┌──

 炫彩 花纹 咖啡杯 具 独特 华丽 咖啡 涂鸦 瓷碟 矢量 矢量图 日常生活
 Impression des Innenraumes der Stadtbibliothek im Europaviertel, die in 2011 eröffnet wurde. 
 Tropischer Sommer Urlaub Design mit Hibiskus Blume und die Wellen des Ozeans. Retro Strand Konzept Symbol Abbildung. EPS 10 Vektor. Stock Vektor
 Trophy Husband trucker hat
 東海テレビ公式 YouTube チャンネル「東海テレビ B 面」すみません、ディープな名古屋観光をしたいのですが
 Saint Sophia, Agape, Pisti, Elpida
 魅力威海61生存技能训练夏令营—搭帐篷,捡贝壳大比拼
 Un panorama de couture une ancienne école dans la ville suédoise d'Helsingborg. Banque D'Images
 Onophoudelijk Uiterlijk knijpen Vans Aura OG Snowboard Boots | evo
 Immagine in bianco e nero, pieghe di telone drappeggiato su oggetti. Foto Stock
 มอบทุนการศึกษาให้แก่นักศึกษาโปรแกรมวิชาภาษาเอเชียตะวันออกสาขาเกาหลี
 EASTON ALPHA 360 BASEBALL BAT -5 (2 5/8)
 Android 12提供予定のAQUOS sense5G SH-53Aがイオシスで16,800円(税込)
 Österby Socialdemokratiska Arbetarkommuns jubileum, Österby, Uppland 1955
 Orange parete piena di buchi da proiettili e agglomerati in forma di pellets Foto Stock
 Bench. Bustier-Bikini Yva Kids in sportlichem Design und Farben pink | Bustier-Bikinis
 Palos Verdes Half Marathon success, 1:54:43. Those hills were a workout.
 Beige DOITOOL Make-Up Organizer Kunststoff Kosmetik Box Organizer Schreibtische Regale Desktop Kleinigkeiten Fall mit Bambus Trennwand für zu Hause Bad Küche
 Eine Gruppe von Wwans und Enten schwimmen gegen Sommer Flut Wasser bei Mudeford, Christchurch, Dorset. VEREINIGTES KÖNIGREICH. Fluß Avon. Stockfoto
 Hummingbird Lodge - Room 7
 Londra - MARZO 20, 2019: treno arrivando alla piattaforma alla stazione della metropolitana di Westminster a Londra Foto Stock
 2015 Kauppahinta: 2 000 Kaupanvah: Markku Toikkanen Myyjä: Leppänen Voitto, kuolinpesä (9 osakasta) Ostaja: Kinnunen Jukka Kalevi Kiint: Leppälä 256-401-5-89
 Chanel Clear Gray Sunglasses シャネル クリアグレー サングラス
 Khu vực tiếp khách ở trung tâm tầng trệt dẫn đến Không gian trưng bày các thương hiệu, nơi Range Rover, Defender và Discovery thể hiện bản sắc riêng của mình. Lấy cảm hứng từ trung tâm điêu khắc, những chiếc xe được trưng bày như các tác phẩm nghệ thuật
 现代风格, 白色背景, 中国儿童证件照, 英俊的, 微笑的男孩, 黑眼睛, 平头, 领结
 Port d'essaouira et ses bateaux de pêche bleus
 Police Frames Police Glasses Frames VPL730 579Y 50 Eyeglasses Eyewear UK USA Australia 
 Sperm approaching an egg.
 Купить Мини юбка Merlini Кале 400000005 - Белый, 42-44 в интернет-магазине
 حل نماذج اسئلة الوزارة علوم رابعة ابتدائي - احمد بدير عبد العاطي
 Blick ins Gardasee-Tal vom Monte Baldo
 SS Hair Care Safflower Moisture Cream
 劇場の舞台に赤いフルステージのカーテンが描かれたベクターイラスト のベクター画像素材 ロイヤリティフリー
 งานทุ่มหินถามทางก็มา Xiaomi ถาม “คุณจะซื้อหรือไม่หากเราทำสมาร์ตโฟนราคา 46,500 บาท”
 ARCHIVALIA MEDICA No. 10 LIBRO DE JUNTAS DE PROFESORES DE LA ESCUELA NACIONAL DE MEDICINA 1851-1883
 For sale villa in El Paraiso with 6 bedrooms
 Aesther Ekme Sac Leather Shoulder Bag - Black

└──

The range runs from the line with "现代风格, 白色背景, 中国儿童证件照, 英俊的, 微笑的男孩, 黑眼睛, 平头, 领结" to the last line of the entries above, both included. Restate it word for word.

 现代风格, 白色背景, 中国儿童证件照, 英俊的, 微笑的男孩, 黑眼睛, 平头, 领结
 Port d'essaouira et ses bateaux de pêche bleus
 Police Frames Police Glasses Frames VPL730 579Y 50 Eyeglasses Eyewear UK USA Australia 
 Sperm approaching an egg.
 Купить Мини юбка Merlini Кале 400000005 - Белый, 42-44 в интернет-магазине
 حل نماذج اسئلة الوزارة علوم رابعة ابتدائي - احمد بدير عبد العاطي
 Blick ins Gardasee-Tal vom Monte Baldo
 SS Hair Care Safflower Moisture Cream
 劇場の舞台に赤いフルステージのカーテンが描かれたベクターイラスト のベクター画像素材 ロイヤリティフリー
 งานทุ่มหินถามทางก็มา Xiaomi ถาม “คุณจะซื้อหรือไม่หากเราทำสมาร์ตโฟนราคา 46,500 บาท”
 ARCHIVALIA MEDICA No. 10 LIBRO DE JUNTAS DE PROFESORES DE LA ESCUELA NACIONAL DE MEDICINA 1851-1883
 For sale villa in El Paraiso with 6 bedrooms
 Aesther Ekme Sac Leather Shoulder Bag - Black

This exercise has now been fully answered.